Люди земли призваны обихаживать, обустраивать ее. Но правда и то, что всех не привяжешь к столбу: и городу нужны рабочие руки. Но больше всего беспокоит Шийаву осиротевшая, как и она сама, земля. Она родила, вскормила, поставила ее на ноги, сделала человеком. Поэтому больно глядеть ей на брошенные, пустые дворы. Прямо на глазах разваливаются, рушатся строения, сараи, бани. Некому их восстановить. Огороды и дворы зарастают бурьяном. И свой двор, родной очаг кажется ей последним догорающим костром, где она - последний, тлеющий уголек. А пятеро ее детей - пять новых костров, но горят они в стороне.

Стол Шийавы давно готов к встрече ее кровных дорогих гостей - сегодня у нее день рождения. И чего только нет на столе! И купленные в магазине сладости, и своими руками испеченные булочки, шаньги, пирожки - всего не съесть. Да и некому. Одна радость, успокоение старушке, когда соседские детишки забегут угоститься на скорую руку. Перебраться в город к детям своим Шийава не смеет. «Если смертушка придет, помру в своем доме. Лягу рядом с Шакрием», - говорит она.

Из пучка пакли и воска Шийава скручивает свечи. Посреди дома ставит чашу, прикрепляет их.

- Это тебе, Шакрий, - говорит она, зажигая самую большую, главную свечу. - А остальные пять свечек - пять моих детей-кровинок, которых я родила в муках и страданиях. Слава богу, все пятеро живы-здоровы. Очень занятые люди, никак не могут выбраться в родные края.

Такова теперь моя жизнь, Шакрий. Вырастив пятерых, одна осталась. Но ты за меня не огорчайся. Бывало, я сетовала на судьбу: «Хоть бы смертушка прибрала», но то было сказано в тяжкие минуты жизни. Теперь я одна-одинешенька, свободна от всего и всех. Три года уже живу без тебя. Такая доля…

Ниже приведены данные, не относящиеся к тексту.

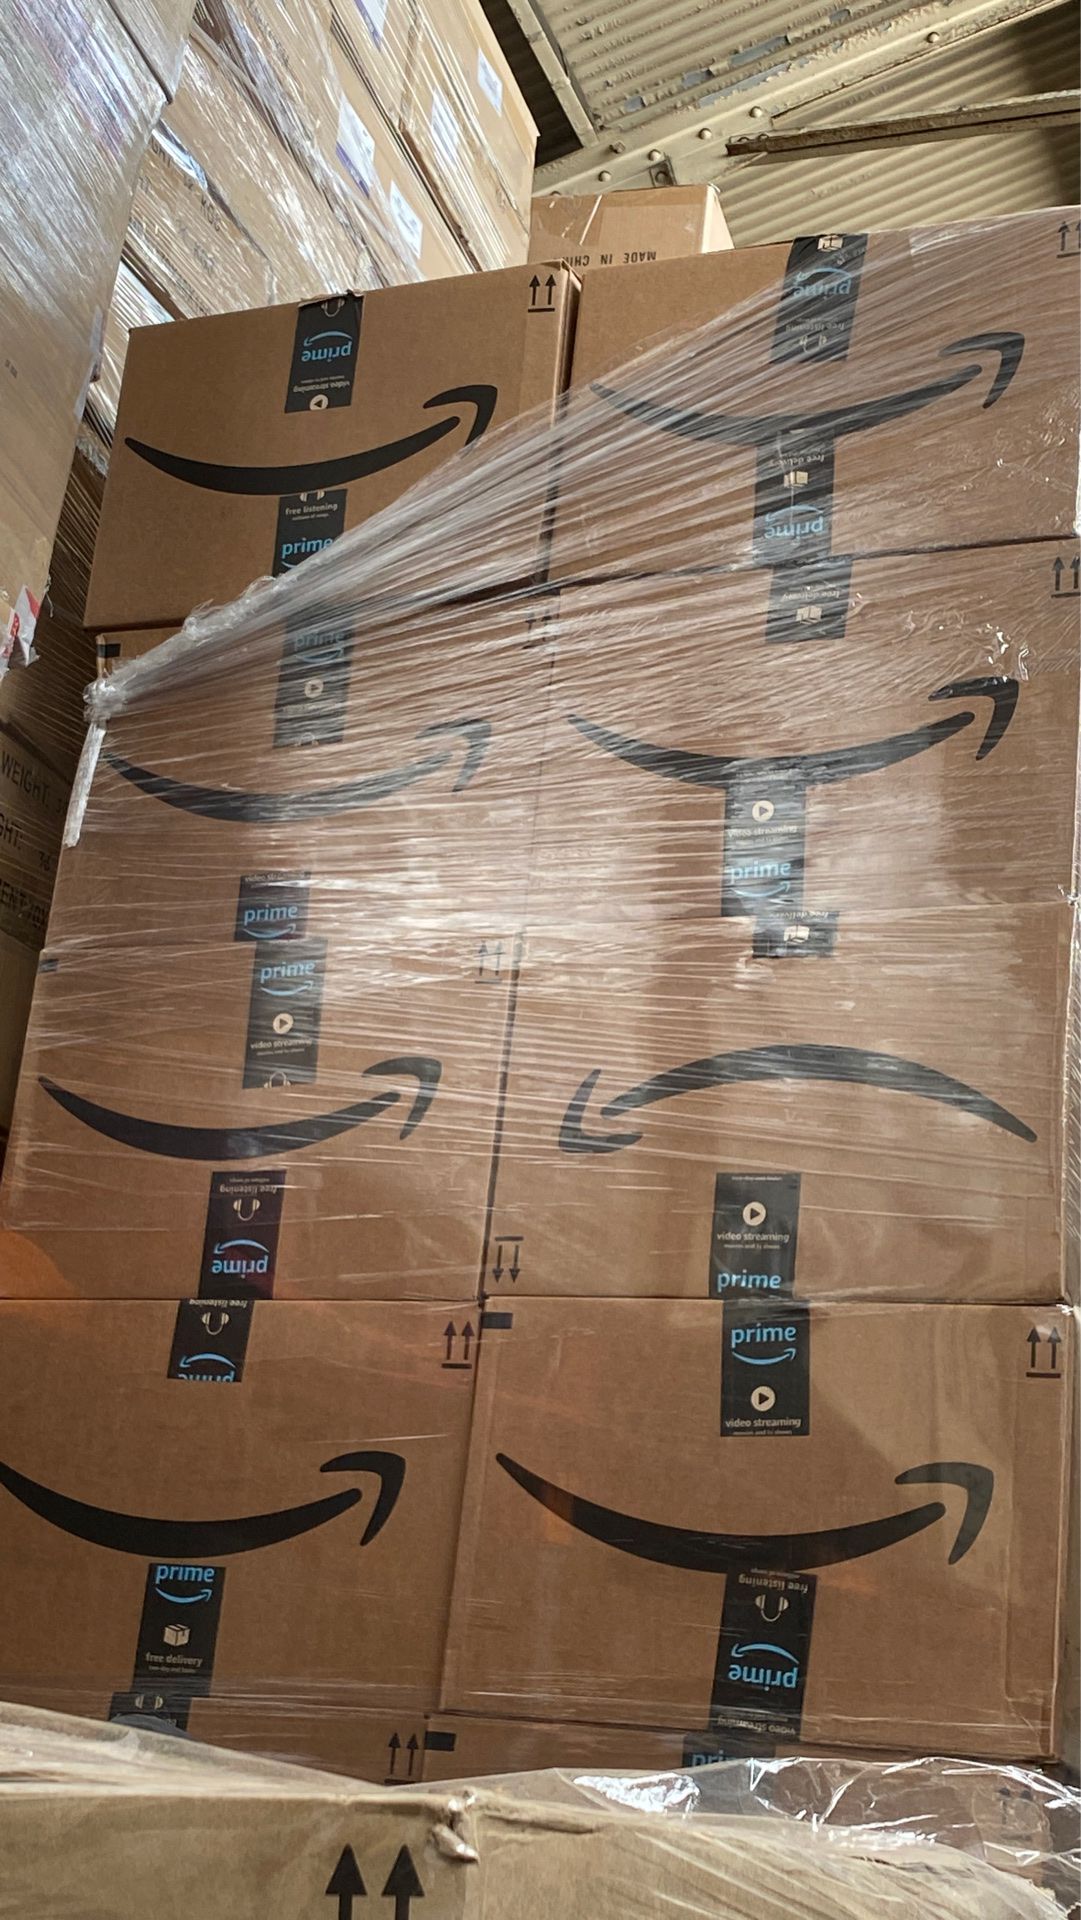 Amazon pallets wholesale.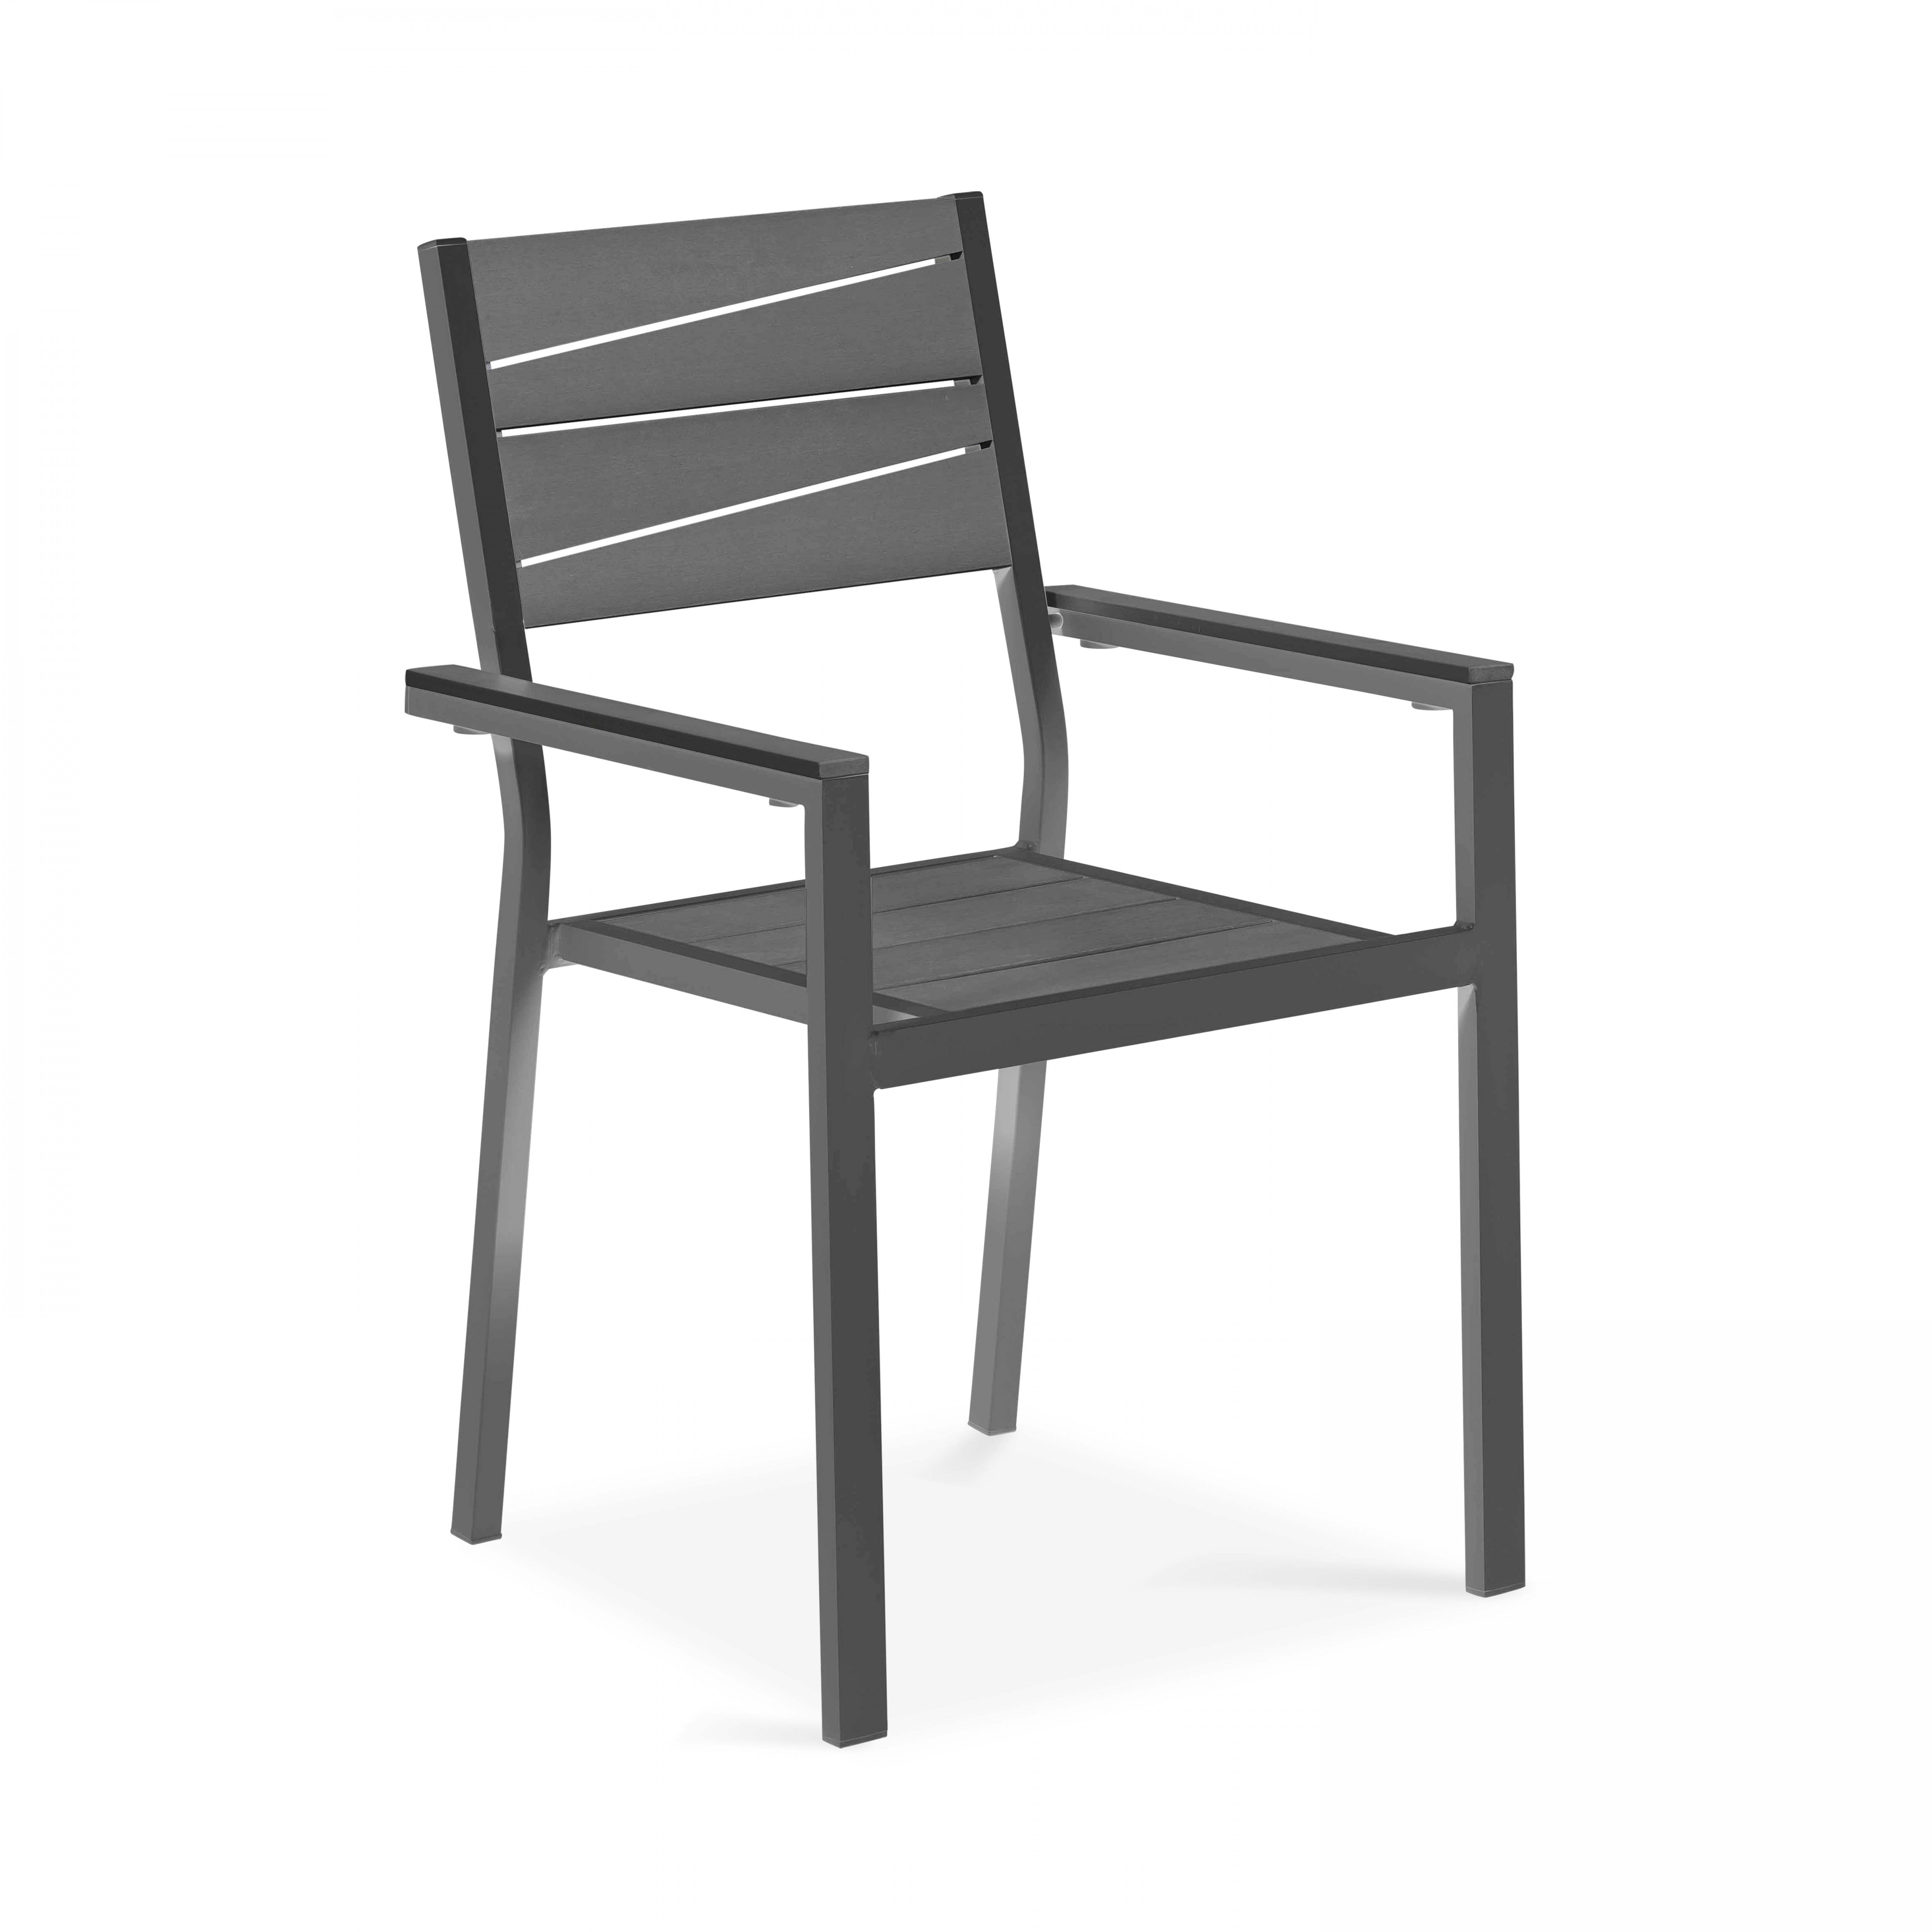 Chaise de jardin avec accoudoirs en aluminium et polywood

Рядом с отцовской ярко загорается свечка старшего сына Шамая.

- И тебя нет, Шамай, - продолжает ритуальный круг Шийава. - Думаешь, мать проживет две жизни? Ведь ты рядом, в деревне, пять минут хода - и ты у меня. Вот бы было радости! Но - нет... Подарков мне от тебя не надо, своего хватает. Помру - останется. Но зла на тебя не держу: ты сам - отец семейства. Помнишь ли, Шамай, во время войны с тобой беда случилась - повредил правое плечо? Тогда вы на янаульский элеватор зерно возили.

Ой и страдал же ты, прямо огнем горел. Только успевала менять мокрое полотенце на твоем лбу. Оно высыхало моментально: жар был сильный.

Ай, старая, все говорю, говорю... Разве только это? Большая жизнь прожита, а в ней много было всего. Сегодня день особенный, все вспоминается. Как будто не тогда было, давным-давно, а происходит сейчас, в сию минуту. Маленьким ты, Шамай, любил гармошку. Только услышишь звук гармони - ты уже там. Все наблюдаешь за пальцами гармониста, и губы твои шепчут мелодию, а потом, бывало, запеваешь. Мать все видела. Папа тогда купил тебе гармонь. Вятскую. Красивую, звонкую: пусть, мол, парень учится играть. Как ты радовался этому, вспомнил? На радостях чечетку отплясывал. Три дня не выпускал ее из рук, спал с ней в обнимку. Мелодии получались не ахти как, но ты старался и научился бы хорошо играть, если бы не твой брат Элюш. И он пристрастился к музыке. Почему такими уродились, не понимаю. Мы же с отцом толком не играли - так, на гуслях иногда и только для себя. Помнишь, как вы с Элюшем дрались в чулане, каждому гармонь нужна. Один тянет к себе: «Я поиграю - мой черед», другой - к себе: «Нет, я ...», а гармонь-то - пополам: вот вам обоим и по гармошке... Как бурно началась ваша учеба, так же и закончилась. И с суженой тебе не повезло. В том я не виновата. Полюбил и встречался с красавицей Менсадой, а в жены взял толстушку Кансуло. Она и в молодости была пышечкой, а теперь и вовсе развезло - квашня квашней. Еле движется, к работе не приспособлена, пока переставляет ноги - собака укусит. Любит поспать. Этого уж не отнимешь. Сон для нее - счастье…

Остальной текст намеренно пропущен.